When rice husk compost is used in paddy fields, it increases the buffering capacity and water retention capacity of the soil and protects the rice against sudden changes. Nitrogen generated from rice husk compost is slow-acting and is ideally supplied gradually from the panicle formation stage to the heading stage. Further, the fertilizer component is fixed by the effective bacterium contained in the rice husk compost, which is also gradually released and effectively acts on the growth of rice. This will help reduce damage during cold and drought.

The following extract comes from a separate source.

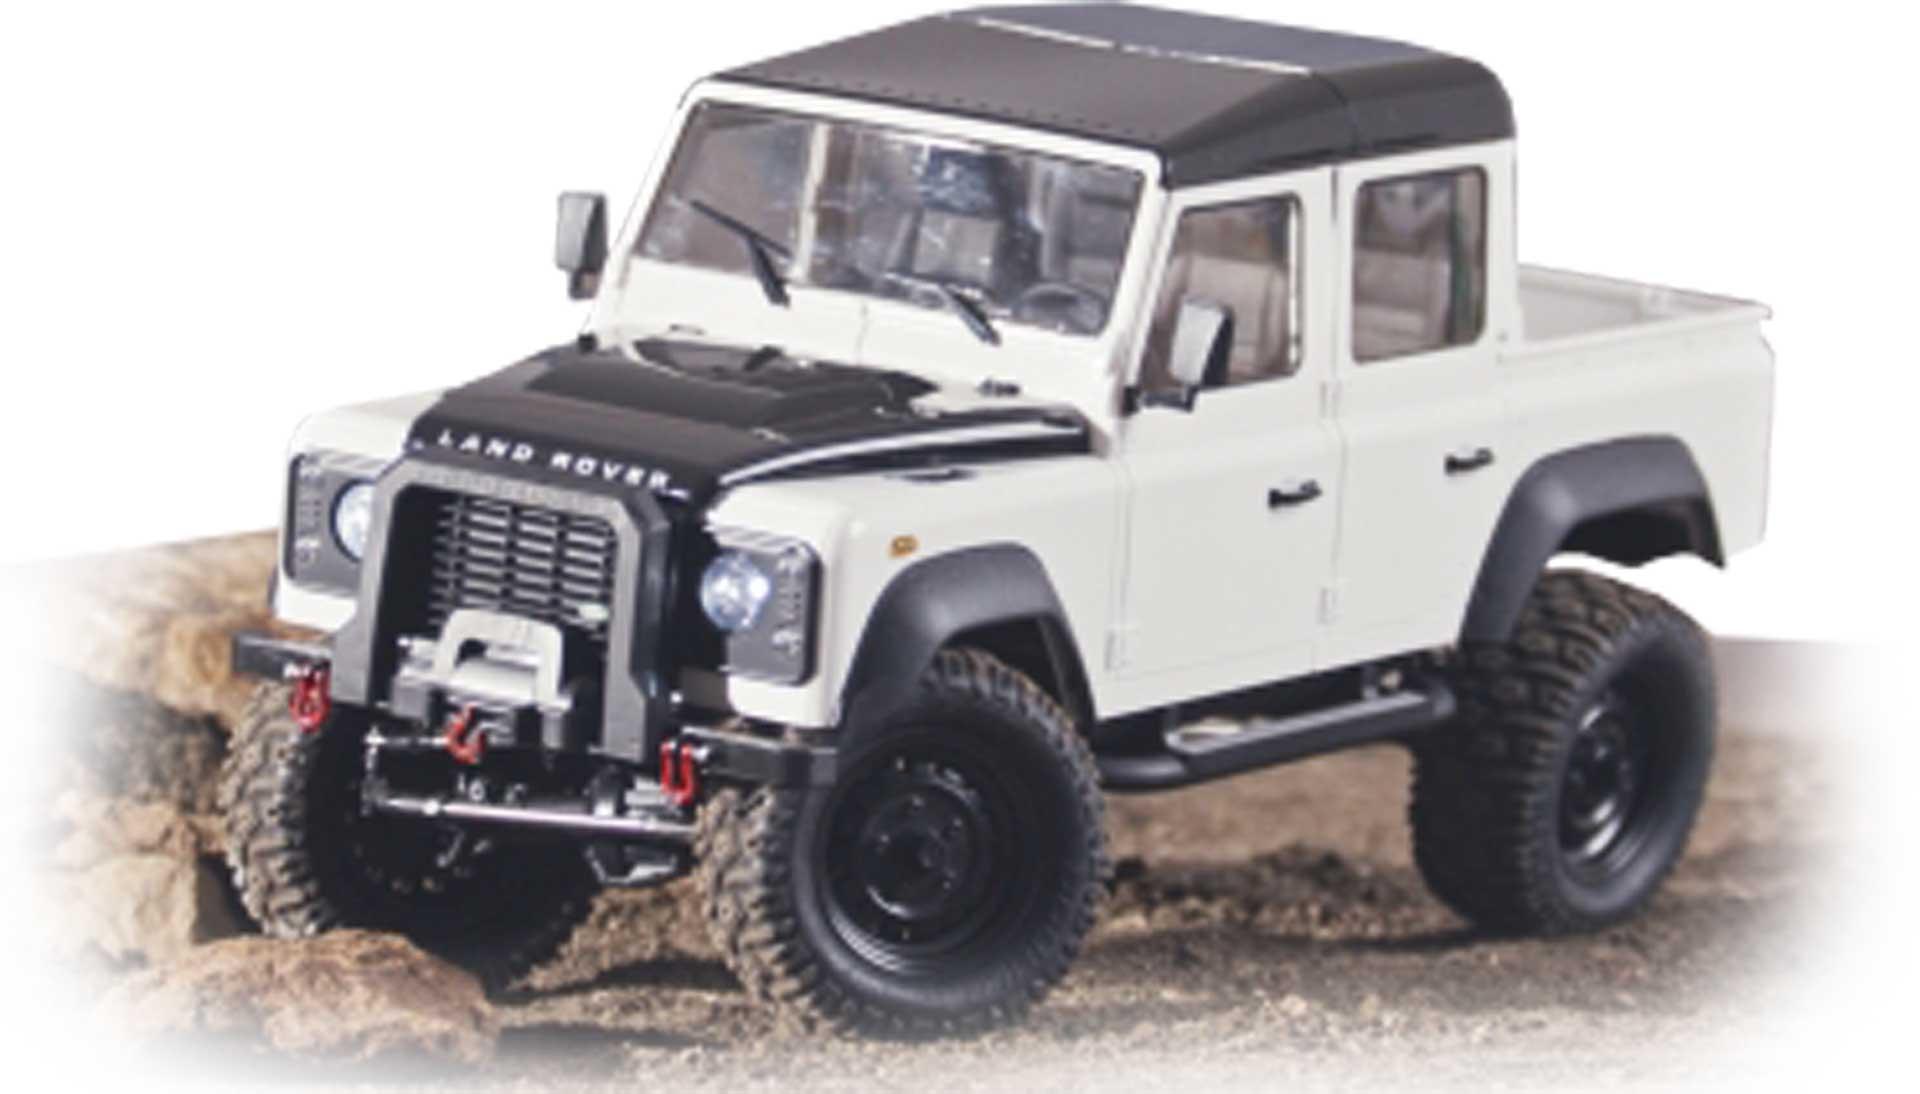 FM-ELECTRICS Landrover Defender Crawler Pickup 4WD 1:8 RTR EP

On the other hand, when this rice husk compost is used in a field,
Rice husk compost has a large volume of voids, so it contains a lot of air in the soil and is good for growing roots of crops. In particular, although the soil has been set up in the converted paddy field, if the rice husk compost is introduced and allowed to winter, the soil becomes as soft as the field. In particular, the thicker the soil, the easier it is to cultivate. Since rice husk compost is a rapidly formed compost that is formed in a short period of time, immature compost components further decompose organic matter in the soil to form nutrients when they are introduced into the soil. This suppresses harmful soil bacteria and helps in weed control. Since the soil in the cultivation facility has little runoff of nutrients, the crop often contains more nitrogen than necessary. In such places, excess nutrients are adsorbed and fixed by the effective bacterium of rice husk compost, so that they are in a state suitable for growing crops. In particular, it is effective for fruits and vegetables that it is better not to give nitrogen until fruiting.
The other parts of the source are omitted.